Транскрипции программы Один с сайта «Эхо Москвы». 2016 Июль - Декабрь — страница 161 из 271

В чём проблема? Поэт вообще выбирает себе ту лирическую позицию, того лирического героя, в которой ему комфортно. Я знал нескольких людей, в том числе очень талантливых поэтов, действительно талантливых, для которых была комфортной ситуация унижения — вот это ощущение, что весь мир их отвергает, что они никому не нужны, и ситуация проистекающего от этого озлобления, страшной мстительности, которая многих вдохновляет. В конце концов, а почему такой сенсацией XIX века были французские проклятые поэты, начиная с Бодлера? Потому что они как-то отказались от традиционного поэтического образа: эстетика безобразного, воспевание отвратительного и до известной степени, конечно, самоненависть. Таким своеобразным лирическим двойником Бодлера был его ровесник и человек, очень на него похожий даже внешне, — Некрасов. Просто в России социальная проблематика была более жгучей, поэтому некрасовская эстетика безобразного по большей части основана на проблемах социального реализма. Но при этом, конечно, отрицательный протагонист — вот это явление именно XIX столетия, когда поэт перестал быть хорошим, перестал нравиться себе.

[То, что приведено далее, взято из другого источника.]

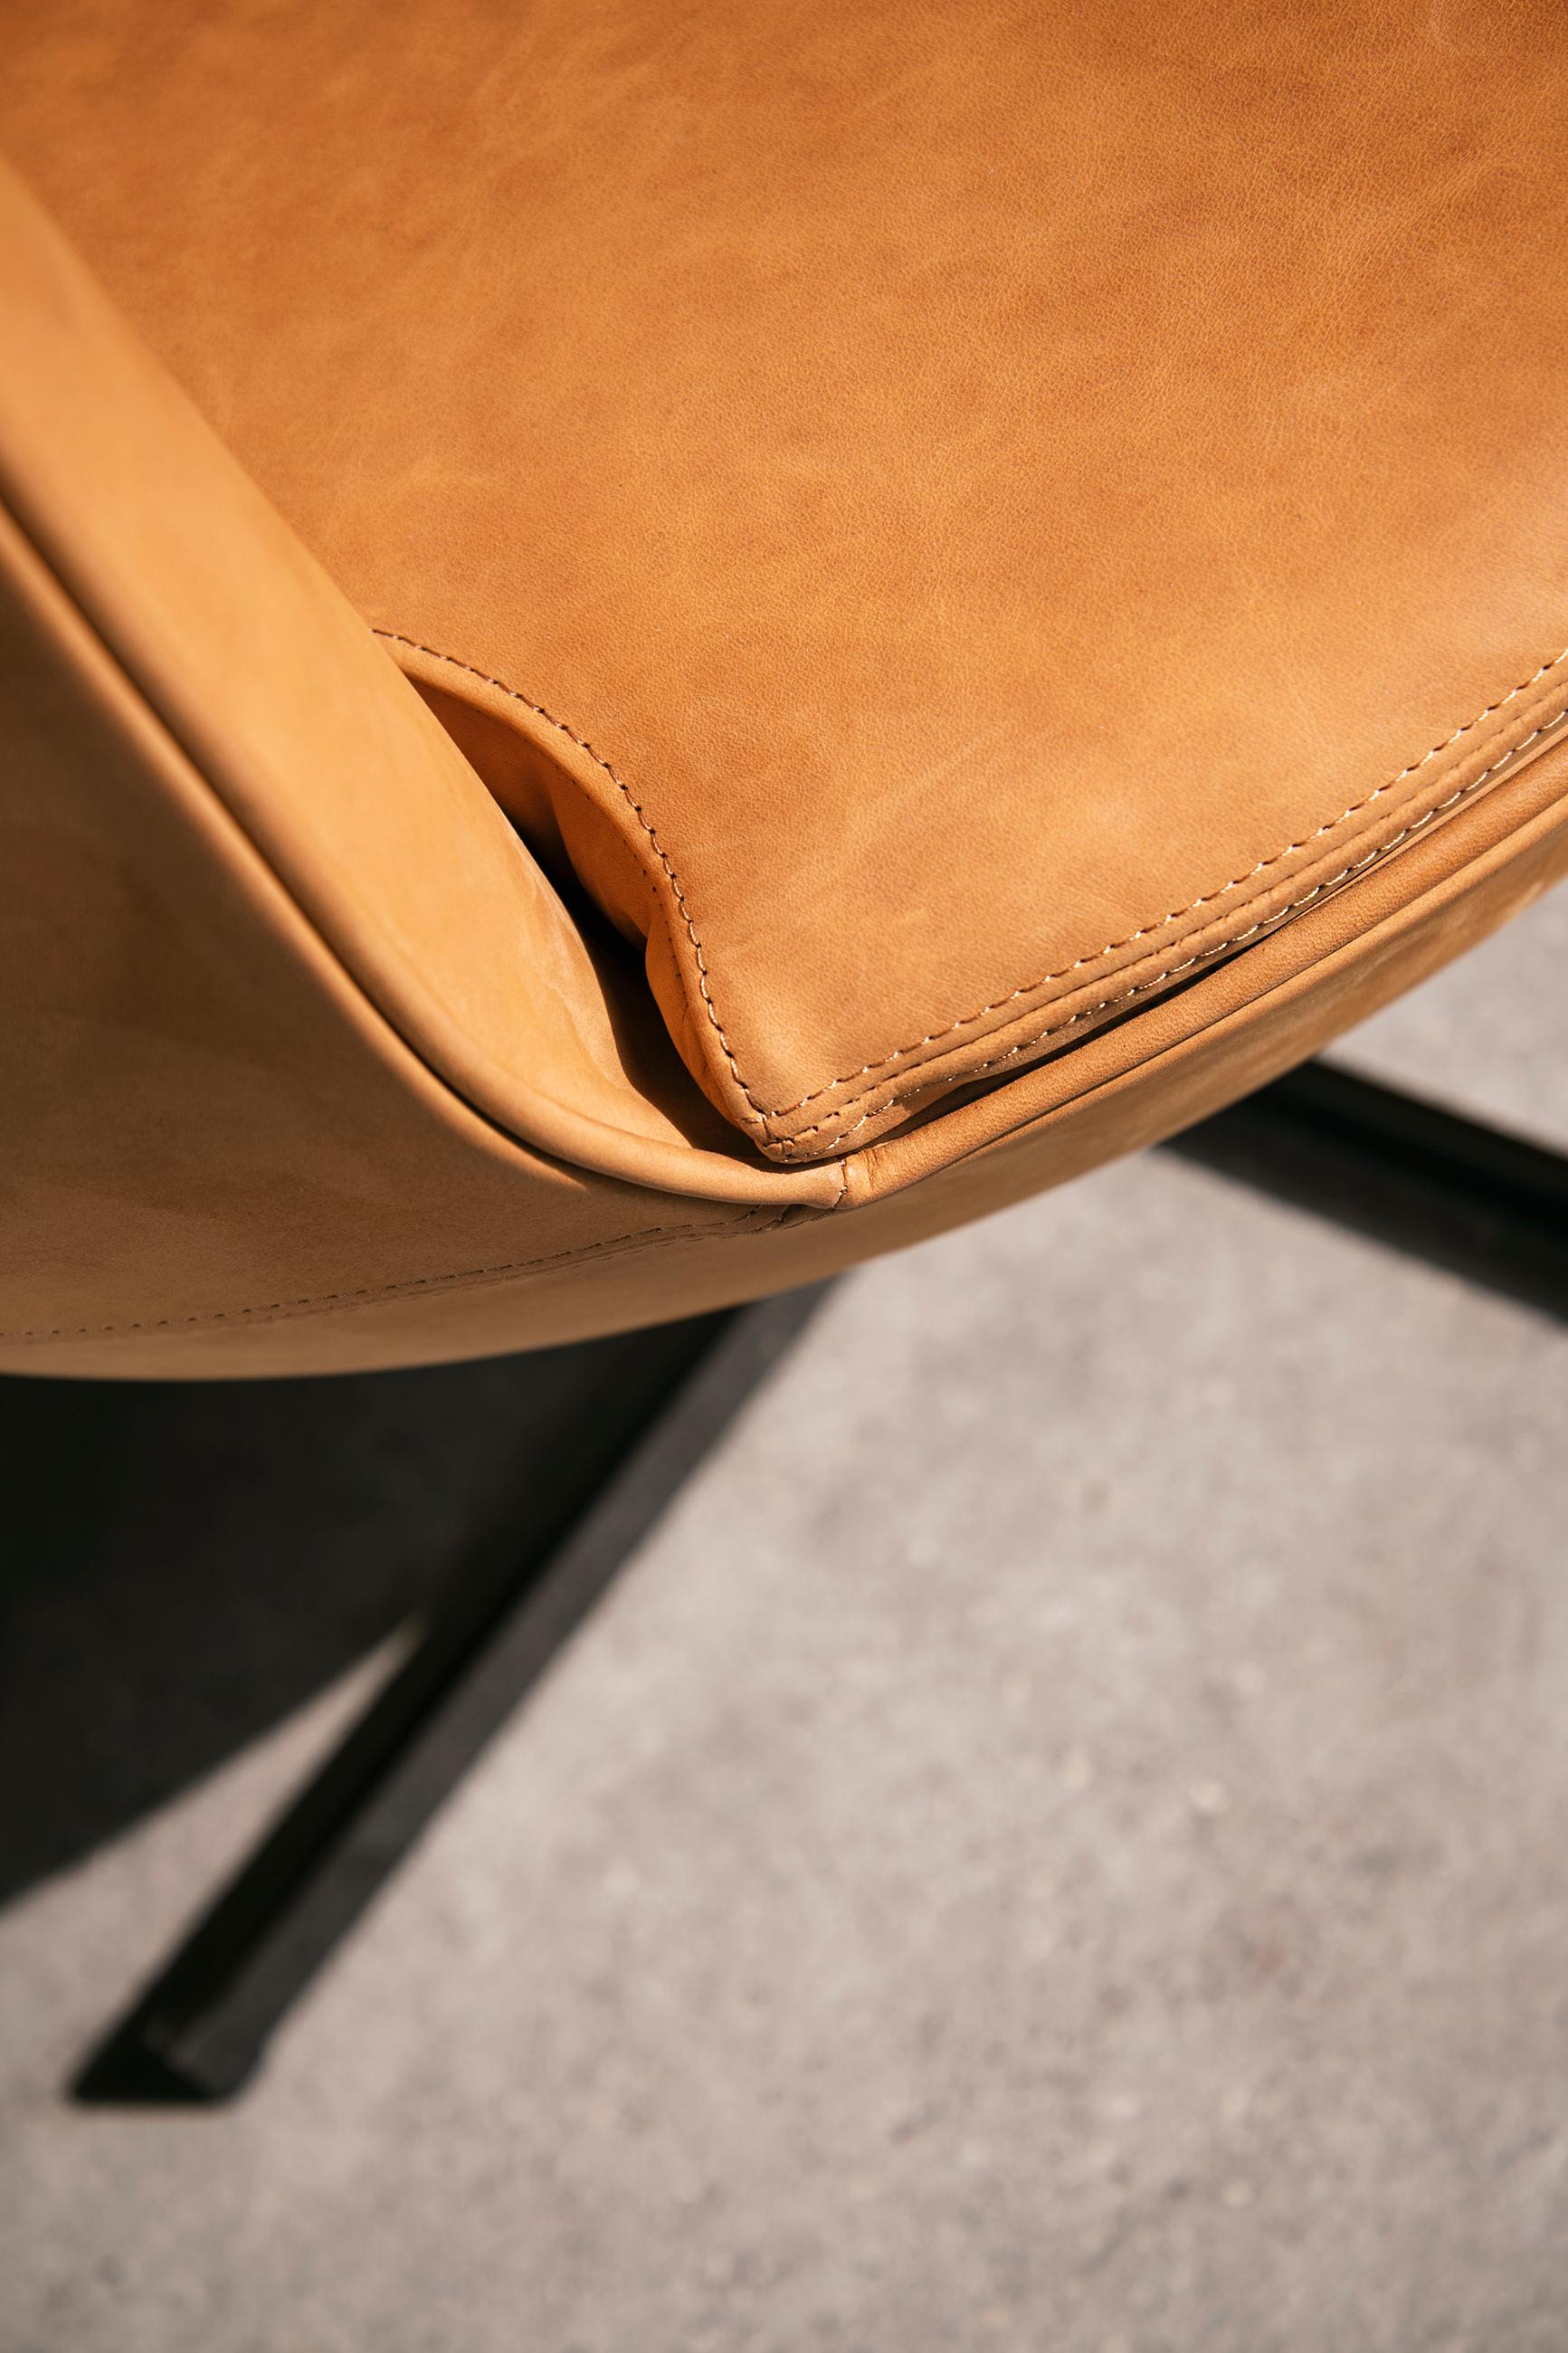 Customizable La Manufacture-Paris Calice Armchair Designed by Patrick Norguet For Sale 3

Вот один хороший филолог, на которого я не могу, так сказать, сослаться, поскольку эта мысль в частном разговоре, а не напечатана, он сказал: «Пастернак всё время старался быть хорошим, а иногда это не нужно». С этим я согласен. Так вот, Сирано выбрал ту лирическую позицию (во всяком случае, тот Сирано, которого мы знаем по Ронсару, он сильно отличается от реального де Бержерака), он выбрал позицию быть несчастным. Это нормальная креативная позиция в любовной лирике, потому что любовная лирика, когда она становится слишком счастливой, начинает раздражать. Вот Кушнер даже с некоторой завистью написал:

Быть нелюбимым! боже мой!

Какое счастье быть несчастным!

Идти под дождиком домой

С лицом потерянным и красным.

Вот для Кушнера как раз романтическая позиция не органична, он её отвергает, и поэтому он сказал принципиально новую вещь в русской литературе:

Трагическое миросозерцанье

Тем плохо, что оно высокомерно.

Он отверг романтизм вслед за Лидией Гинзбург как высокомерное мировоззрение. А Сирано де Бержерак, наоборот, ценой отказа от личного счастья выбирает очень комфортную, очень плодотворную, продуктивную позицию поэта.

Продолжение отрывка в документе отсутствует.